Now from any directory typing:
structure
Should generate the message below, if so you are in business.
---------------------------------------------------- STRUCTURE by Pritchard, Stephens and Donnelly (2000) and Falush, Stephens and Pritchard (2003) Code by Pritchard, Falush and Hubisz Version 2.3.4 (Jul 2012) ---------------------------------------------------- Can't open the file "mainparams". Exiting the program due to error(s) listed above.
Next you will want to create a script to submit structure jobs to the cluster. My version is called looper.sh. This script submits a batch job to Bluehive requesting 1 processor for 24 hours. If your run takes longer, adjust walltime to be greater than the length of time needed to run the analysis. The script passes a few options to structure. -K is the number of clusters to analyze for any particualar run, -o sets the name of the output file and -D supplies a random number to start the mcmc analysis.

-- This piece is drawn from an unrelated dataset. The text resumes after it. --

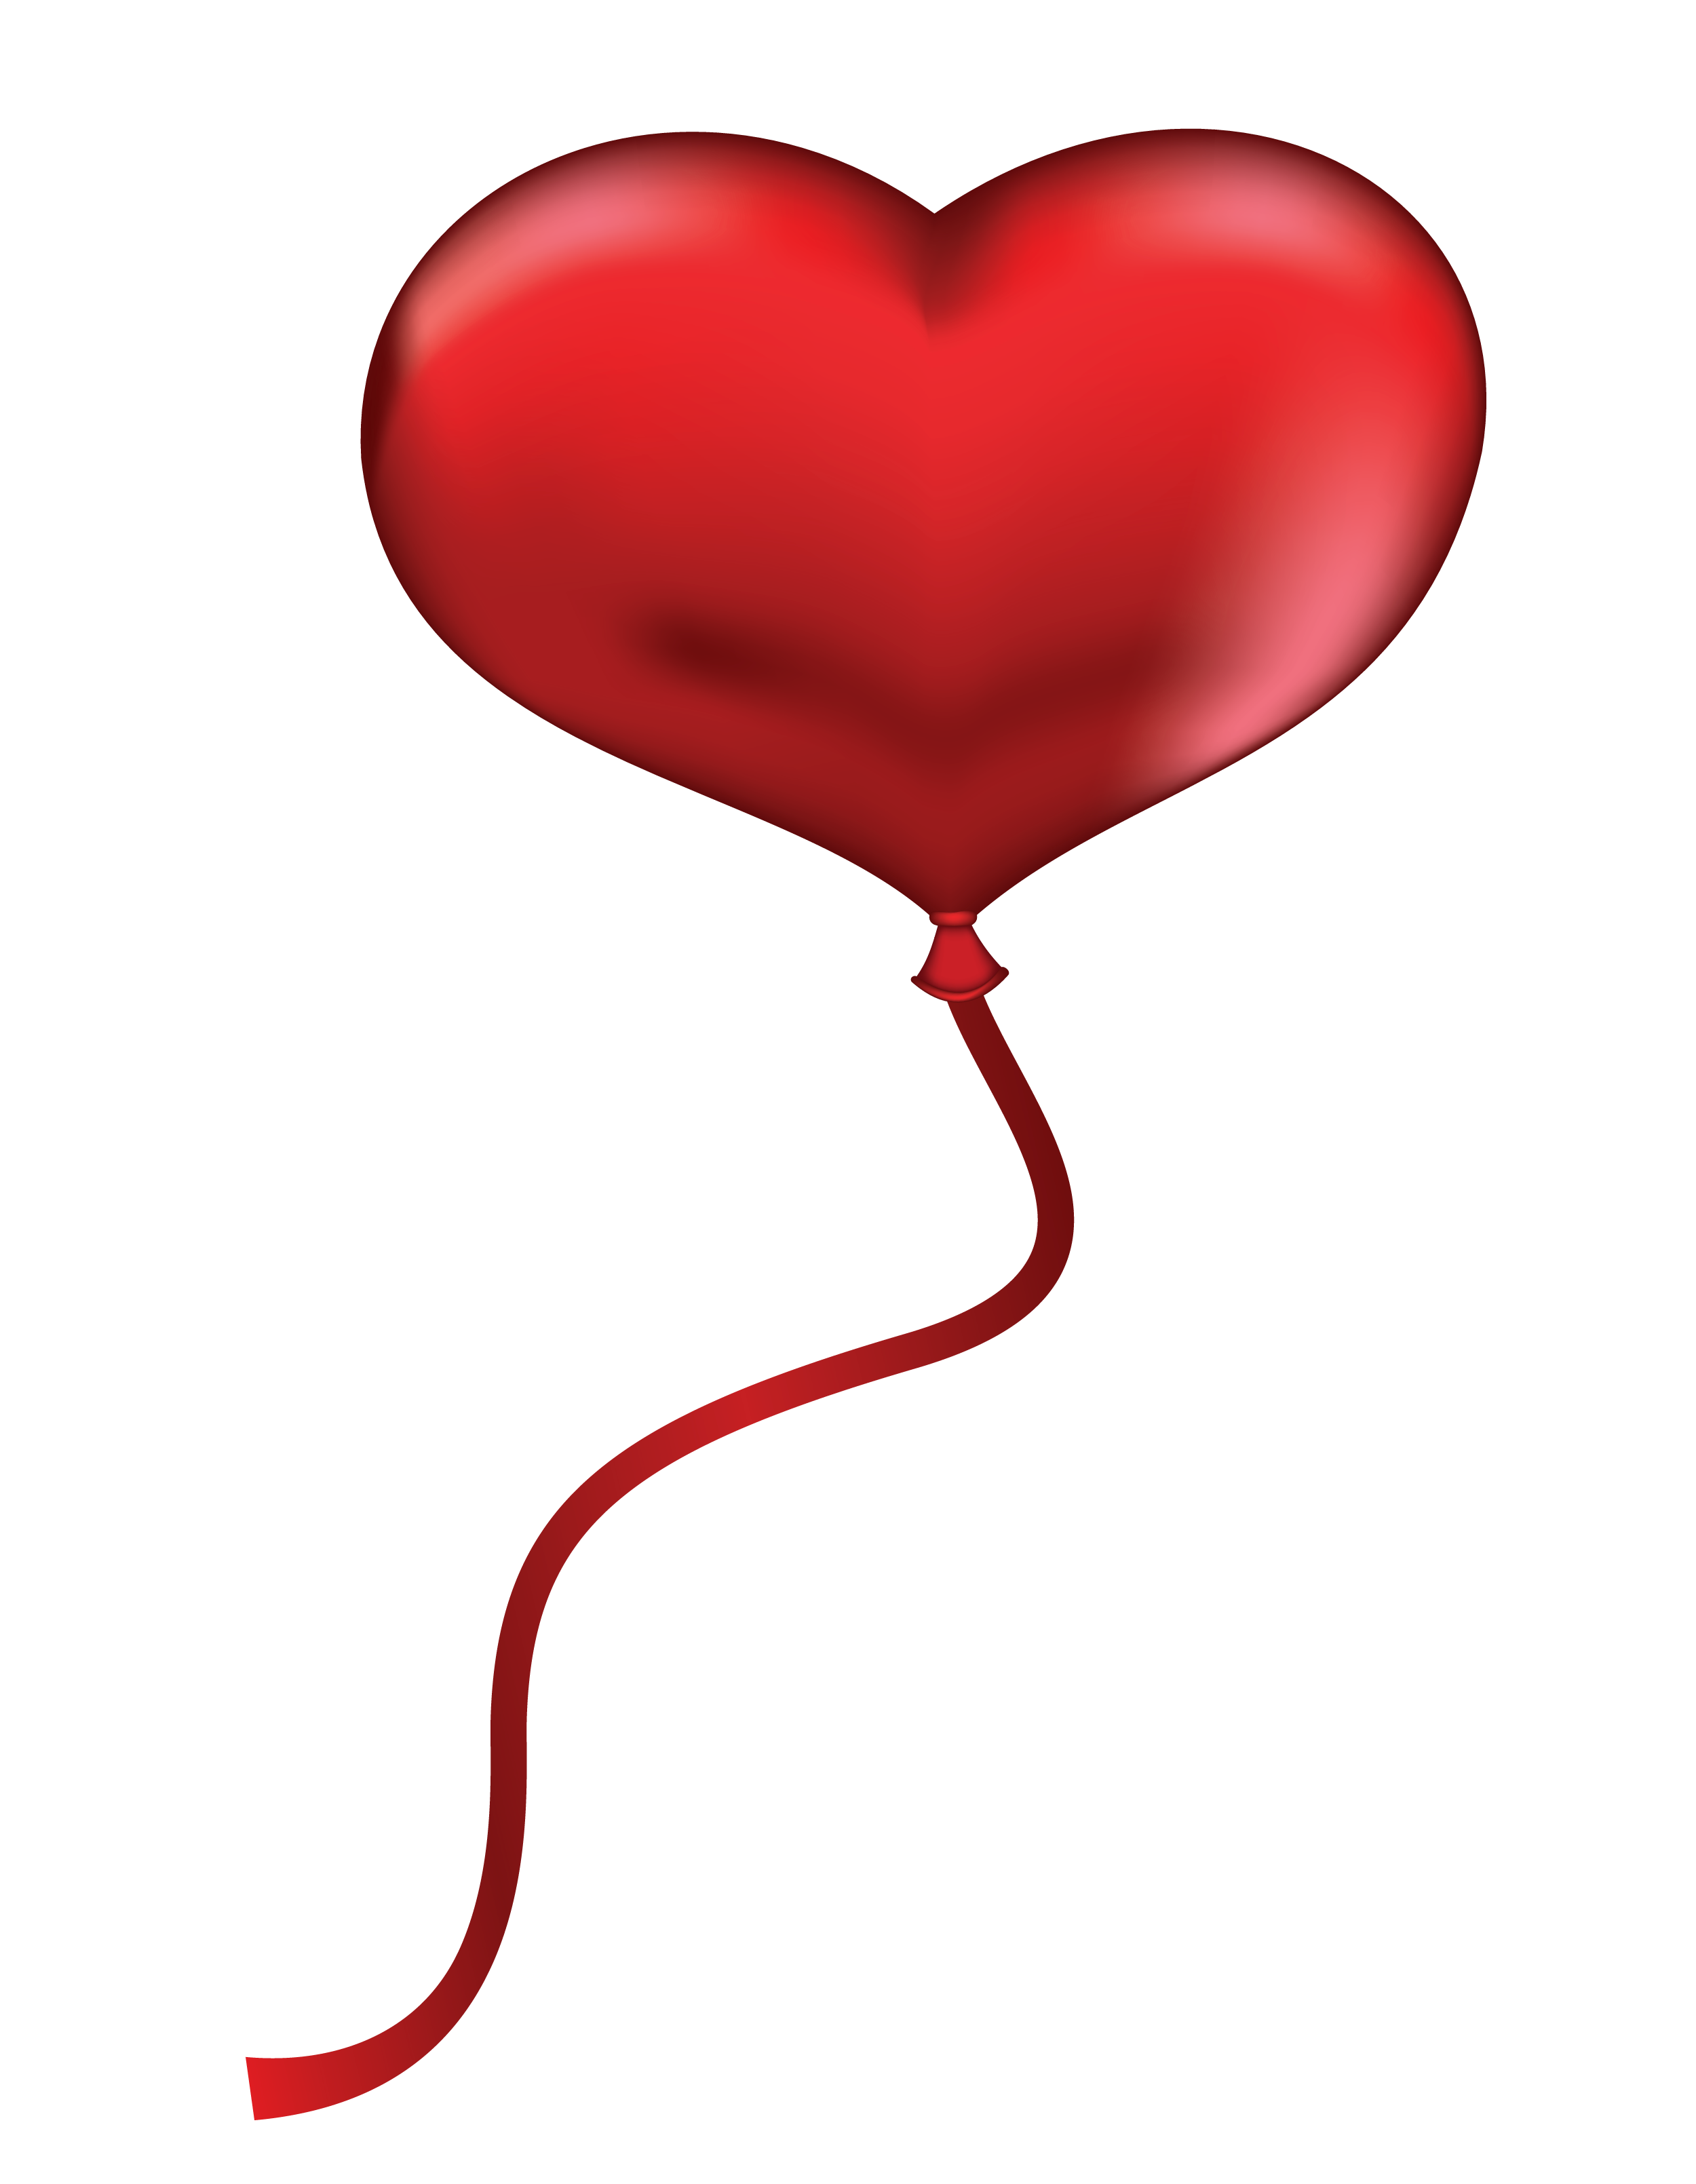 Heart Balloon PNG HD Image

The script uses a bash environmental variable to define a random number, which is reported at the top of the output file.
#!/bin/bash #PBS -q standard #PBS -l nodes=1:ppn=1 #PBS -l walltime=24:00:00 #PBS -N structure #PBS -j oe #PBS -k n #PBS -o outfile.k_${k}_run cd $PBS_O_WORKDIR structure -K ${k} -o k_${k}_run_$PBS_ARRAYID -D $RANDOM
Now that we have a basic submission script, we need to give it instructions for exactly how we want our run to be performed. A second script called run_structure.sh accomplishes this. In this script two variables are set: the maximum number of clusters to evaluate and the number of replicates to run for each level of K. The script then runs a loop to instruct the looper script. In the case below looper submit 10 runs for K =1, K=2 and K=3. By editing this script you can run any combination of K and reps that you like.
#!/bin/bash max_k=3 reps=10 for (( i=1 ; i <= $max_k ; i++ )) do qsub -v k=$i -t 1-$reps looper.sh done
After you first create the run_structure script you will need to change permissions to the control script to allow it to run as an executable using the command:
chmod 755 run_structure.sh
This only needs to be run once, subsequent edits to the script will not change its permissions.
Finally to run your job, create a directory with the standard structure run files: a project_data file, a mainparams file and an extraparams file. Each of these need to be formatted with Unix line endings. Copy in the run_structure.sh and looper.sh scripts. To start a run type:
./run_structure.sh
If your run has submitted successfully you should see output similar to below, with one line for each level of K.
[username@bluehive ]$ ./run_structure.sh 2613562[].bhsn-int.bluehive.crc.private 2613563[].bhsn-int.bluehive.crc.private 2613564[].bhsn-int.bluehive.crc.private
You can then check on the status of your runs by typing:
qinfo